CS/MATH/STAT:4740 Large Data Analysis 3 s.h. A project based course
MAIN INSTRUCTOR: Prof. Suely Oliveira.
GUEST LECURES: Prof David Stewart, Prof Isabel Darcy, Prof Kate Cowles.

This course is required for the award of the Large Data Analysis certificate.
--------------------------------------------------------------------------------------------------------------------------------------
Any student with the prerequisites is welcome.

Pre-requisites: CS:1210 and Math 2700 and STAT2010 (or STAT2020).

1)  Students will need to put a request for an exception to use MATH 2550 instead of MATH 2700. Please fill out  an "In Progress Transfer Work” form on your ISIS account, and give MATH 2550 as the reason.

2) Students will need to put a request for an exception to use  ENGR 2730 instead of CS1210. Please fill out  an "In Progress Transfer Work” form on your ISIS account, and give ENGR 2730 as the reason.
---------------------------------------------------------------------------------------------------------------------------

SUMMARY:It includes a review of concepts taught in other classes necessary for projects in this class. It is usually taken in your senior year but can be taken before. I also works as beginning graduate class in informatics. Emphasis will be given to programming and the mathematics behind the methods.

CATALOG DESCRIPTION: Current areas that deal with problem of Big Data; techniques from computer science, mathematics, statistics; high performance and parallel computing, matrix techniques, cluster analysis, visualization; variety of applications including Google PageRank, seismology, Netflix-type problems, weather forecasting; fusion of data with simulation; projects.
TARGET AUDIENCE: This course reaches a broad audience at the University of Iowa, including those not in the computer or information sciences. In this class, concepts of statistics, matrix analysis, and parallel algorithms are reviewed or introduced. Students will work on projects for half of the semester.  This course is a requirement for students in the undergraduate certificate in Large Data Analysis. It can also be used as a beginning graduate class, including for students in other certificates involving Data or Network Sciences.
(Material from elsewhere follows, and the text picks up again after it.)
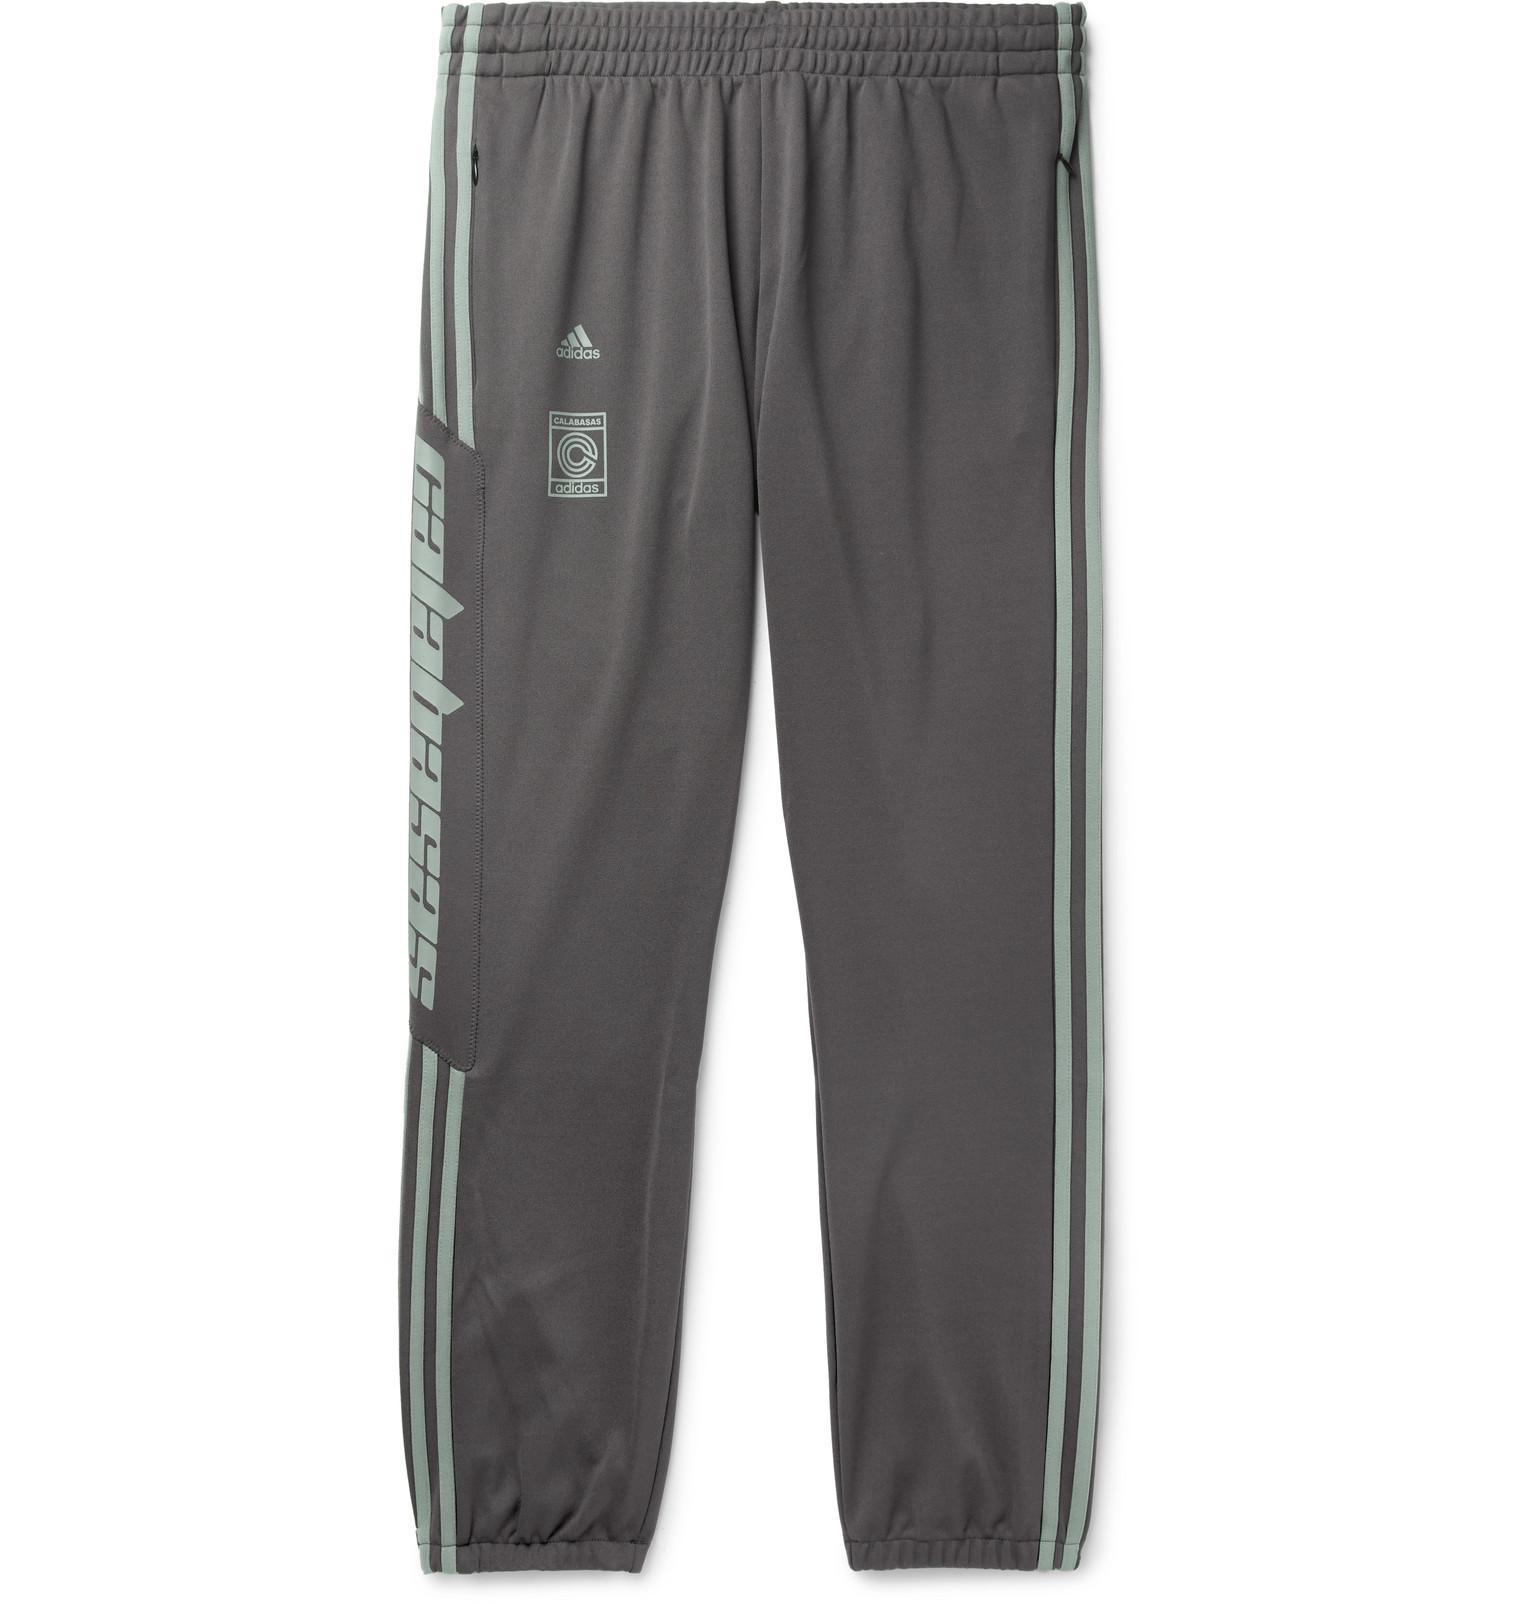 3e32f3e7f3767 adidas Originals + Yeezy Calabasas Slim-fit Tapered Jersey ...

GOAL: While other classes on campus cover how to use existing methods in this areas. The main  goal of this course is to enable the student to be able to develop new computational and analytical tools for dealing with Data when tackling new problems.

TOPICS COVERED:
  1. Introduction and Overview
  2. Programming Languages: Python and R Review
  3. Visualization
  4. Statistical Issues
  5. Clustering and Classification
  6. Matrix Methods 
  7. Topological Data Analysis
  8. Computational Issues: MapReduce, parallel and memory issues.